Compassionate Sun columnist Fergus Shanahan attacked the government for being far too soft on incapacity benefit and encouraging people to “make a career out of milking the system” and have a great life on the state.

“Being on the social pays well,” according to Shanahan. Why, 40 per cent of people on incapacity benefit “have nothing physically wrong but blame stress or depression”.

“Millions have been encouraged to pick the welfare state as a life choice in the same way they might once have decided to be a postie or a plasterer,” says the perceptive columnist.
Perhaps a stint shadowing a mental health social worker to show how depression and stress can really affect people would be a good reality check?

Metropolitan police commissioner Sir Ian Blair got into trouble for calling the media institutionally racist in the way it reported murders.
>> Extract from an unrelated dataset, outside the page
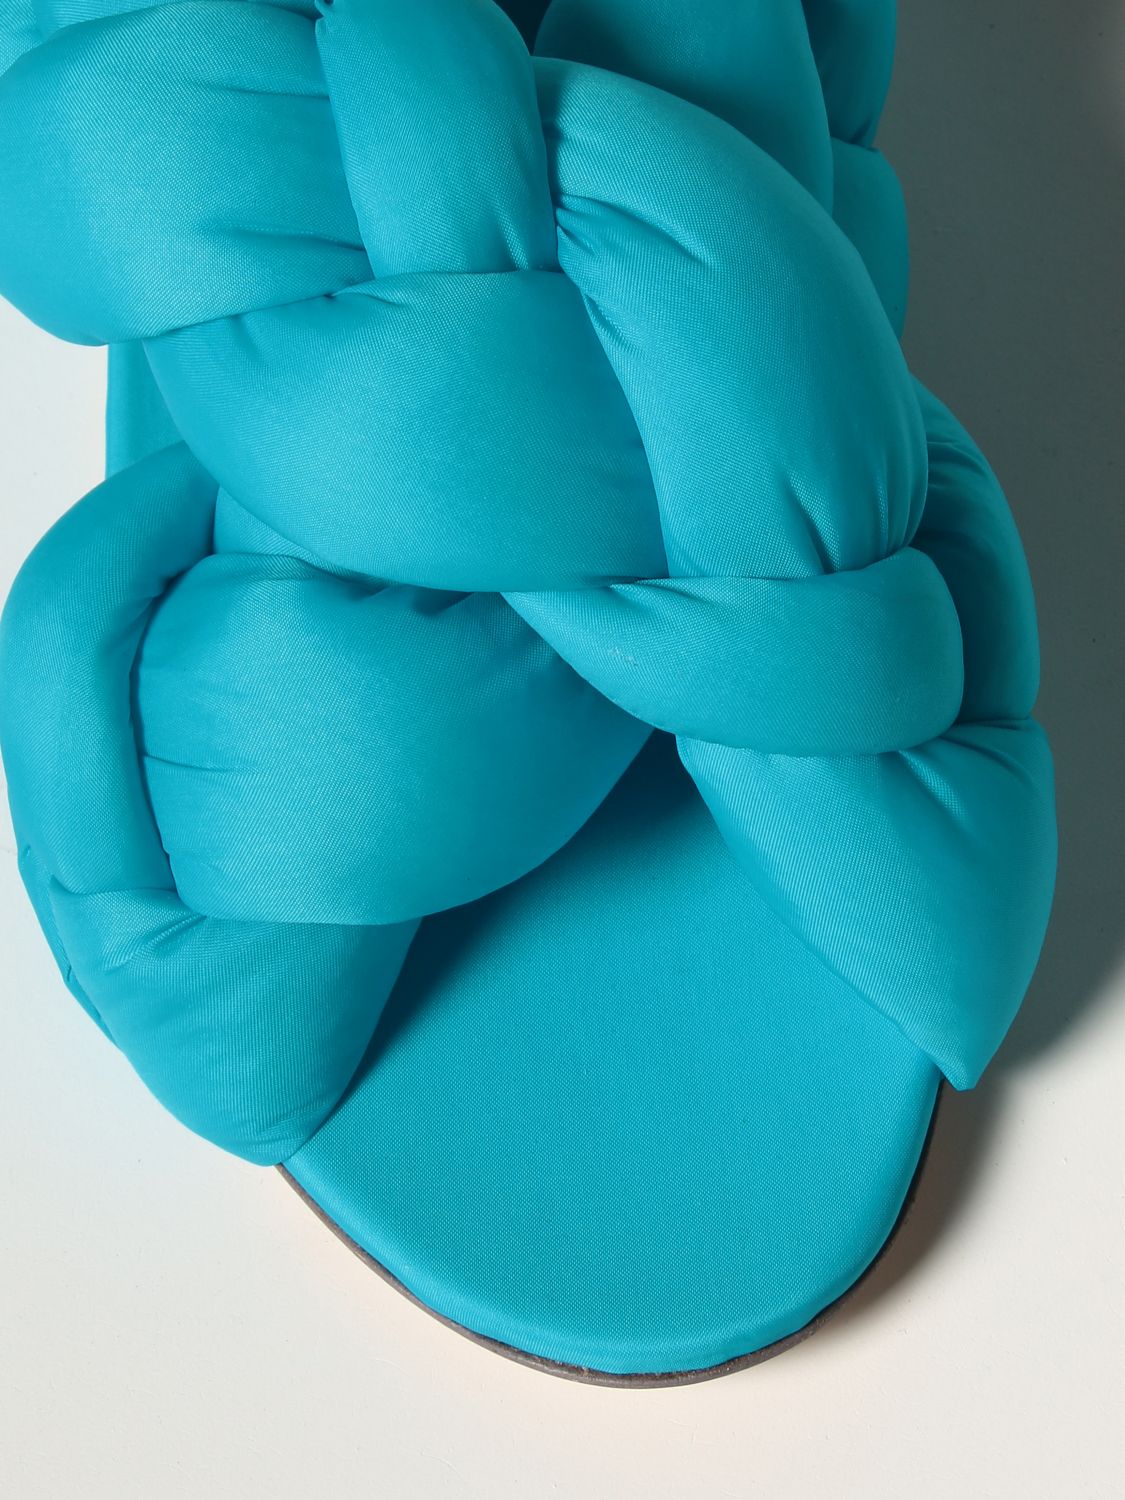 Sandales Cuir Sebastian Milano en coloris Bleu Femme Chaussures Chaussures plates Sandales plates

He said white middle-class murder victims get far more coverage than people from ethnic minorities. The Met boss contrasted reporting of two men murdered on the same day, January 12. While emphasising that all murders are terrible, he said the death of City lawyer Tom Rhys Pryce was far more widely covered than the killing of Balbir Matharu, an Asian builder. Blair’s point was valid but his questioning of why the dreadful murders of Holly Wells and Jessica Chapman became such a big story led to predictable howls of protest from the tabloids. Blair was forced to quickly apologise to Holly and Jessica’s parents.

A study by Shift, the government campaign to tackle stigma in mental health, found much good reporting of mental health issues in the media. Common mental health problems such as depression can be well covered, with sensitive, balanced and thoughtful coverage. However stories about severe mental health tend to be more stigmatising in their use of language.
One example of a tabloid misjudging its readers is a headline from 2003 about boxer Frank Bruno. It read Bonkers Bruno locked up. According to Shift’s report, negative reaction to the headline was so rapid and intense, it was changed in later editions to Sad Bruno in mental home.